Meet Stable Audio 3.0, the model family built for artistic experimentation with open-weight models

Key Takeaways:

  • We're releasing Stable Audio 3.0, a model family with open-weights music models that are trained on fully licensed data. 

  • You own your outputs and can distribute and commercialize them under the Stability AI Community License, or the Enterprise License for organizations with more than $1M in revenue.

  • Key innovations include variable-length generation up to six minutes, and full song composition on portable devices.

  • Stable Audio 3.0 Small and Medium are available on Hugging Face. You can download the weights here.

  • Stable Audio 3.0 Large is available via the Stability AI API and self-hosting for enterprise deployments. Try it out here.

Stable Audio 3.0 introduction

Today we're releasing Stable Audio 3.0, a model family trained on fully licensed data, designed to be the foundation for what the audio community builds next. Three of the models are open weights, free to download and build on.

Music has always evolved through the collective creativity of its community. Remix culture, interpolations, and mashups are how artists build on each other's work and push the art form forward. Generative audio will be no different. We want to foster the same kind of community-driven innovation in audio that we sparked in image generation with the launch of Stable Diffusion.

Stable Audio 3.0 is our open invitation to experiment with generative audio. We believe the best innovations are still waiting to be built.

Meet the Stable Audio 3.0 model family

We’re releasing four new models designed for different use cases and deployment options:

  • Stable Audio 3.0 Small SFX: Sound effects generation on-device, such as mobile phones and consumer-grade laptops.

  • Stable Audio 3.0 Small: Full music composition on-device.

  • Stable Audio 3.0 Medium: Higher musicality (i.e. structure, melodic coherence, and phrasing) and longer track length at up to 6:20.

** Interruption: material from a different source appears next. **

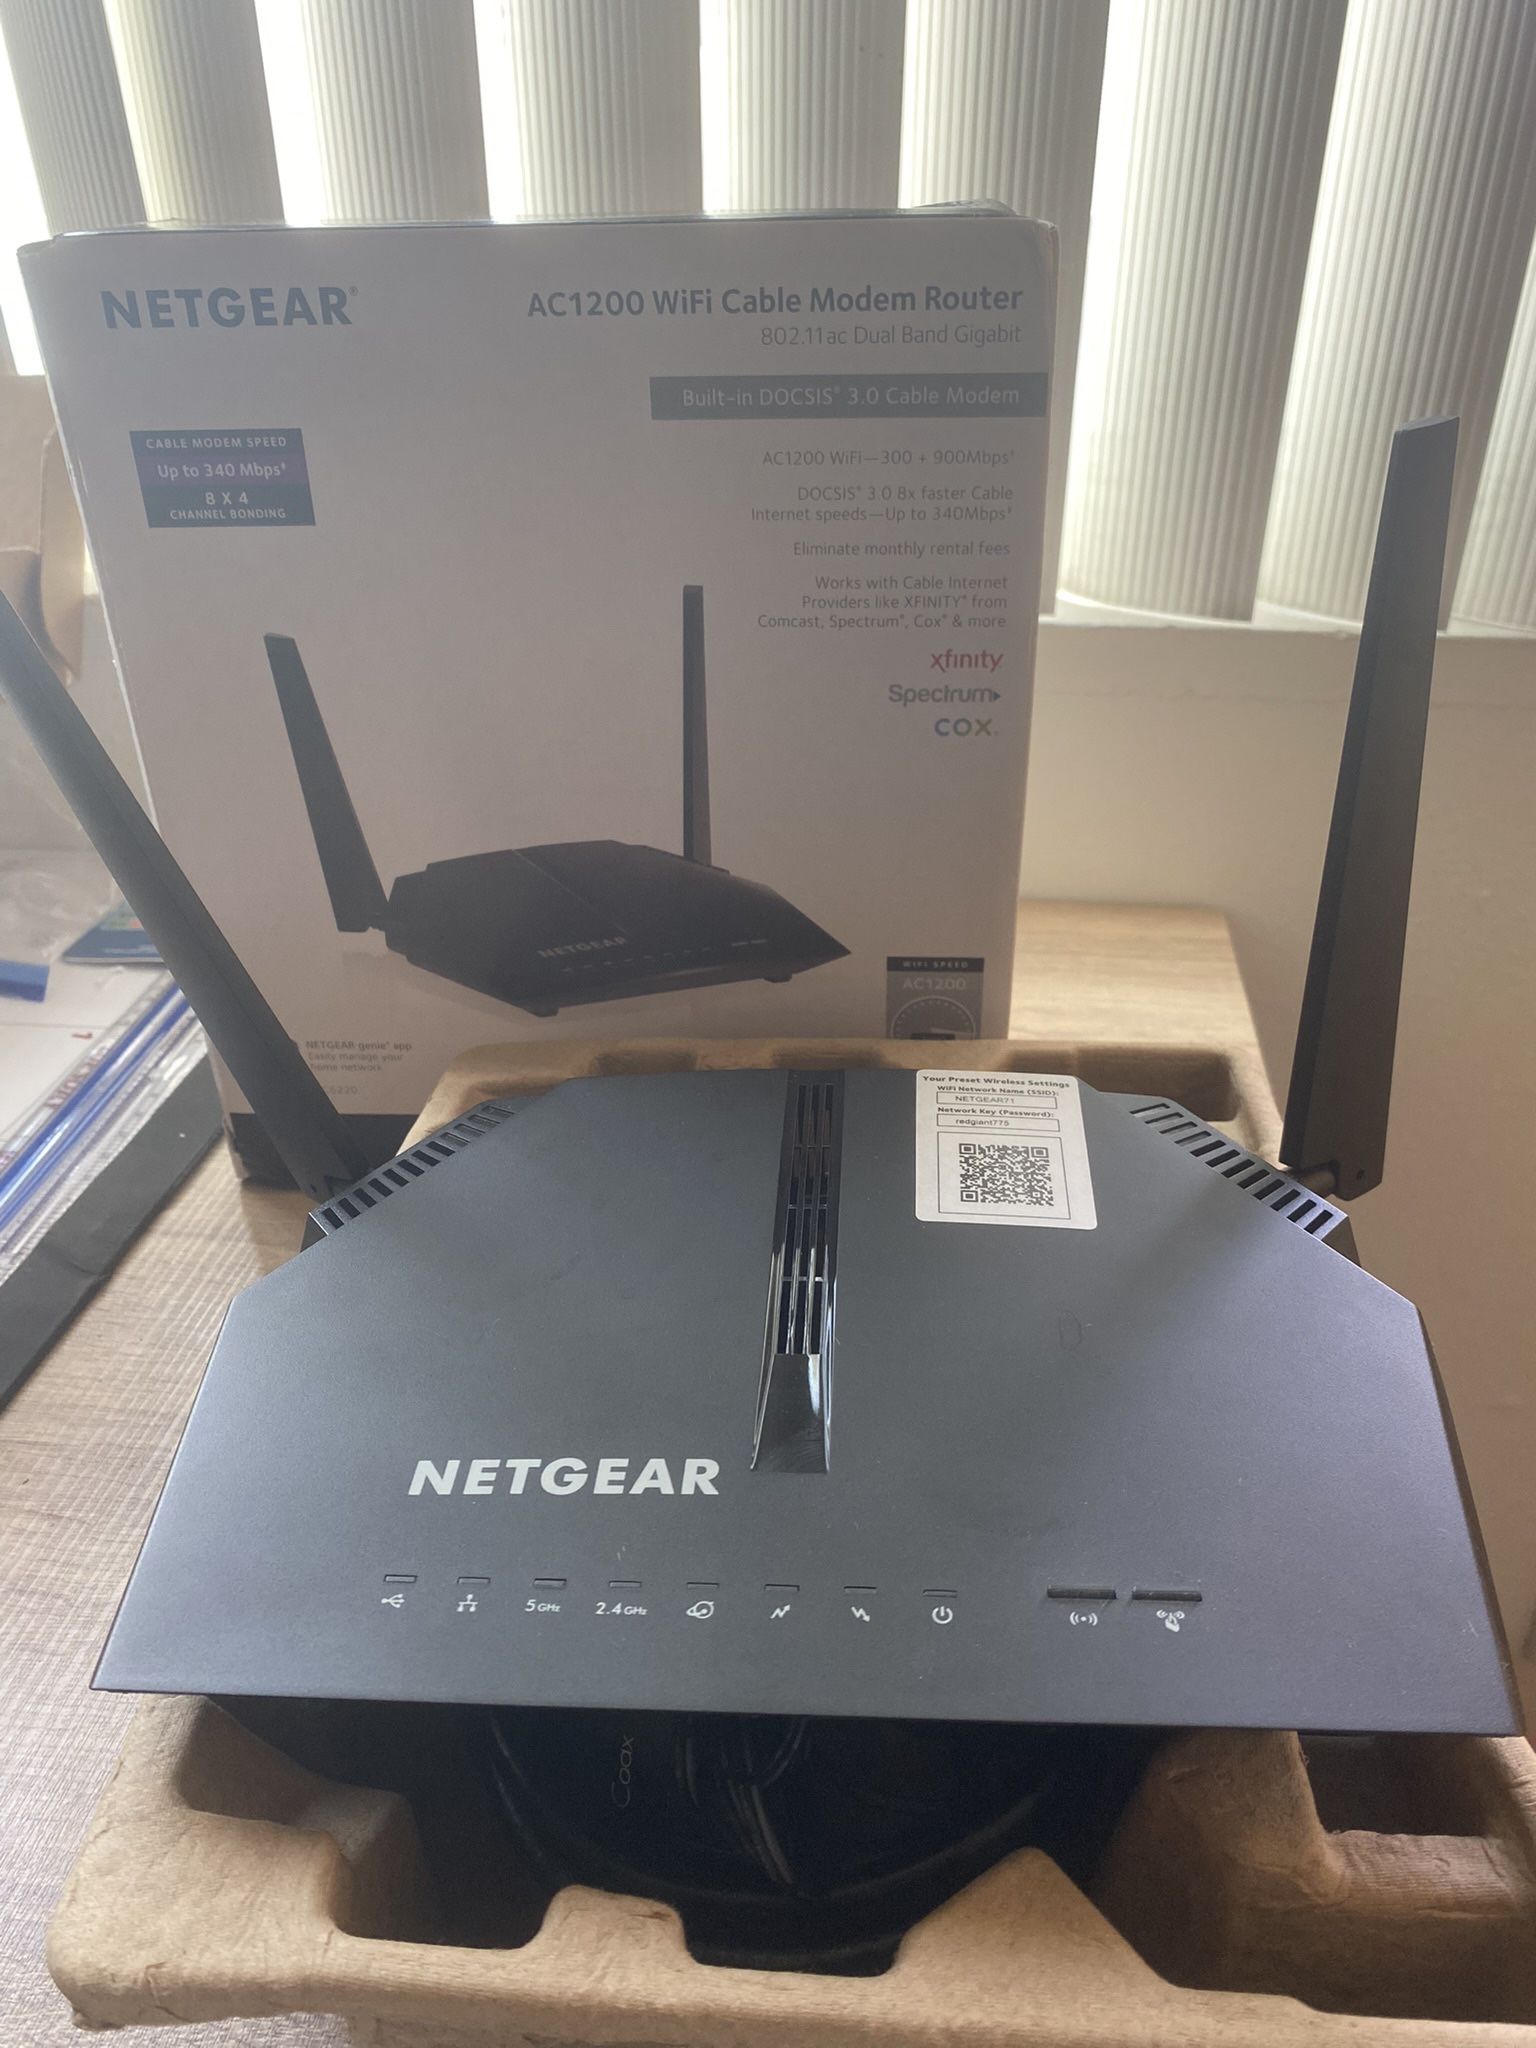 NETGEAR Cable Modem WiFi Router Combo C6220

  • Stable Audio 3.0 Large: The most advanced musicality in the family, built for music platforms and creative applications that need low-latency generation at high volume.

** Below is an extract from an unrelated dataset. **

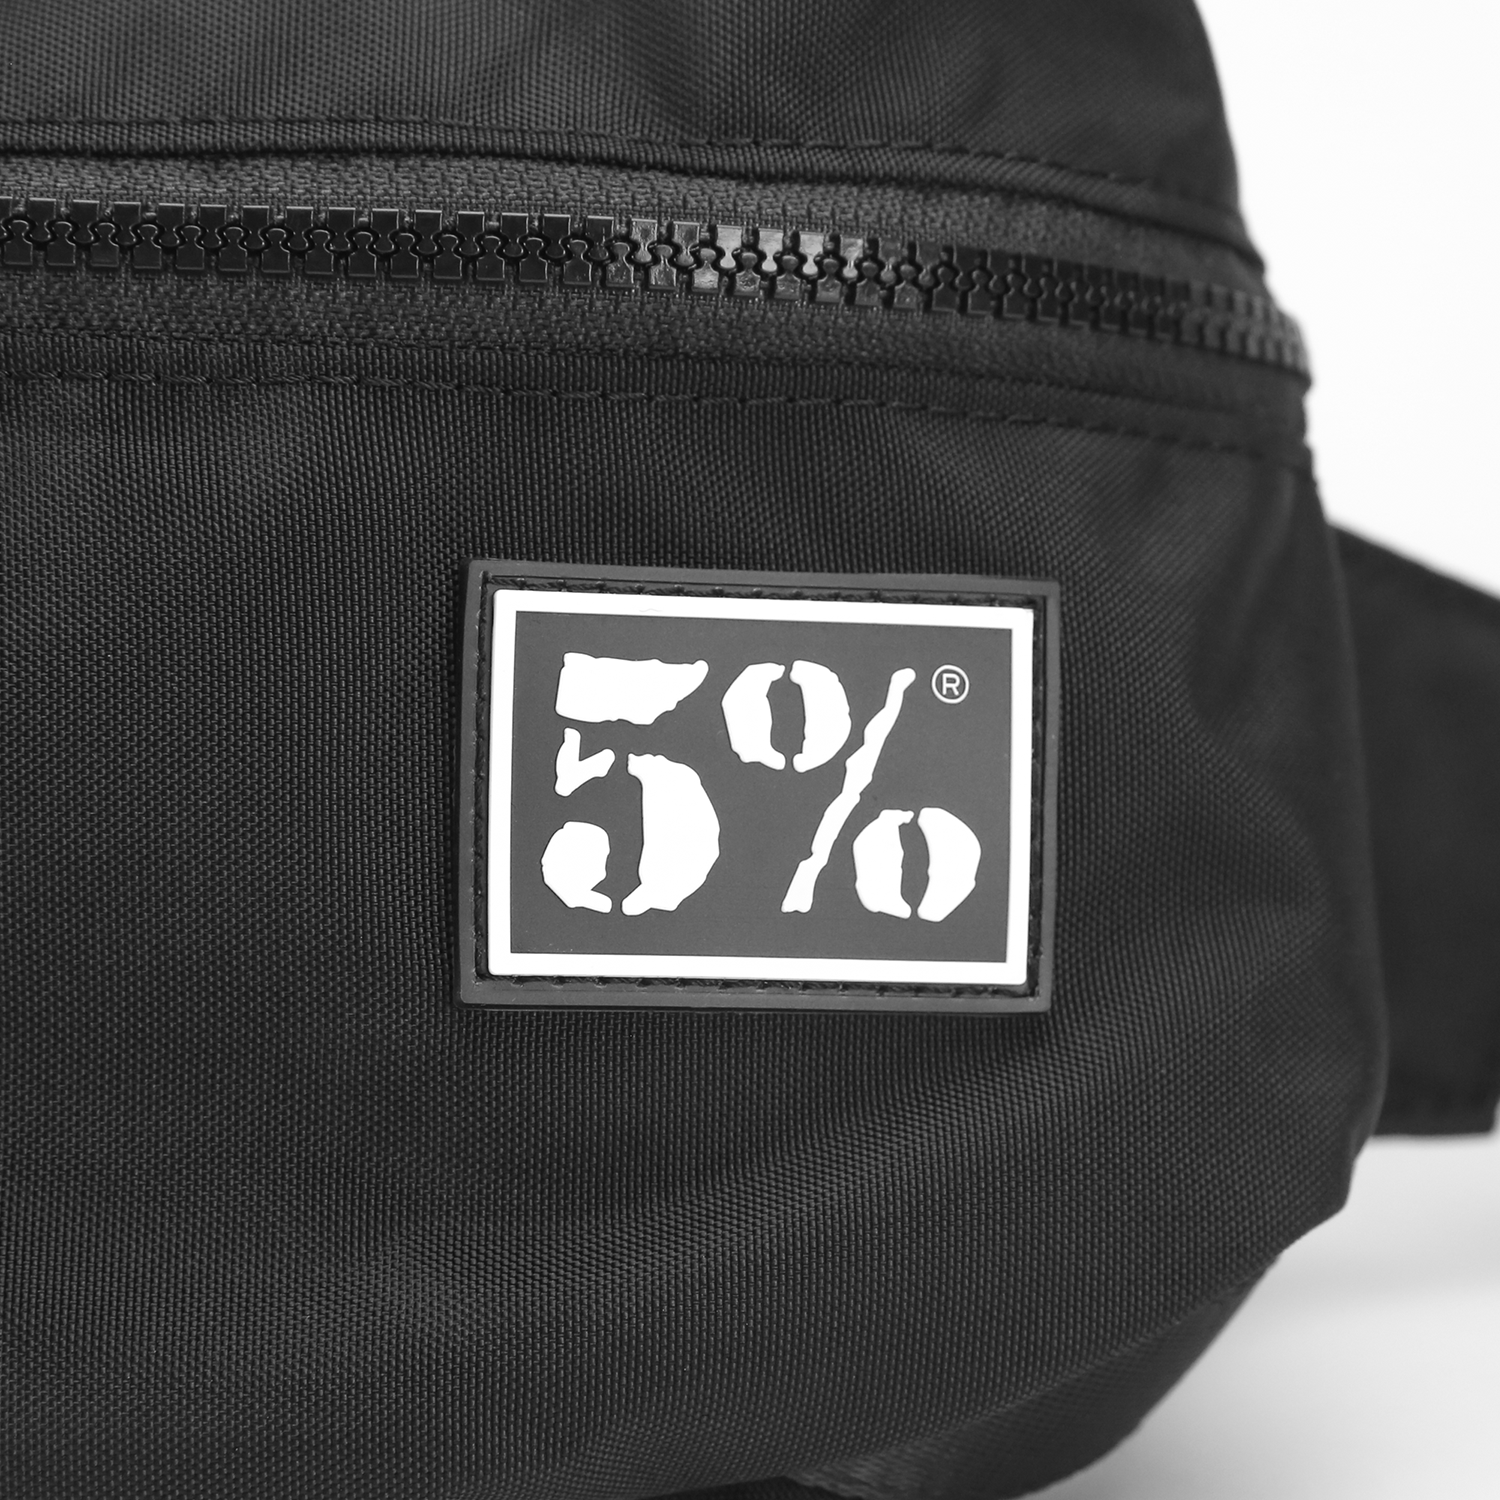 5% Crossbody Bag - 5% Nutrition

Compare Stable Audio 3.0 Models

Open for experimentation, with ownership of what you create

All Stable Audio 3.0 models are trained on fully licensed data. Under the Stability AI Community License, you own your outputs and can distribute and commercialize them freely.

For organizations with more than $1M in annual revenue, you can get commercial coverage with our Enterprise license. We also offer legal indemnification under the Enterprise license.

3.0 Small SFX, 3.0 Small, and 3.0 Medium are all open-weights. To our knowledge, other open music models either restrict commercial use or carry the risks associated with being trained on unlicensed music.

Architectural advancements for variation and iteration

Stable Audio 3.0 is our next-gen architecture, built with a novel semantic-acoustic autoencoder that enables longer, more flexible audio generation. You can read the full research paper here.

Variable-length generation, up to more than six minutes. Stable Audio 3.0 introduces a new method for variable-length audio generation that enables you to generate exactly what you need, at per-second granularity. 

3.0 Small generates up to two minutes, compared to 11 seconds from Stable Audio Open Small, and 47 seconds from Stable Audio Open. 3.0 Medium and 3.0 Large generate more than six minutes.

Full music composition on-device. To our knowledge, 3.0 Small is the only model capable of full music composition on-device. For the first time, on-device and offline audio generation isn't limited to short samples; it can produce complete musical tracks.

Customize the models on your own library with support for LoRa training. A LoRa is an efficient method for fine-tuning that was first made popular in image generation, and is now an emerging method for customizing audio generation models.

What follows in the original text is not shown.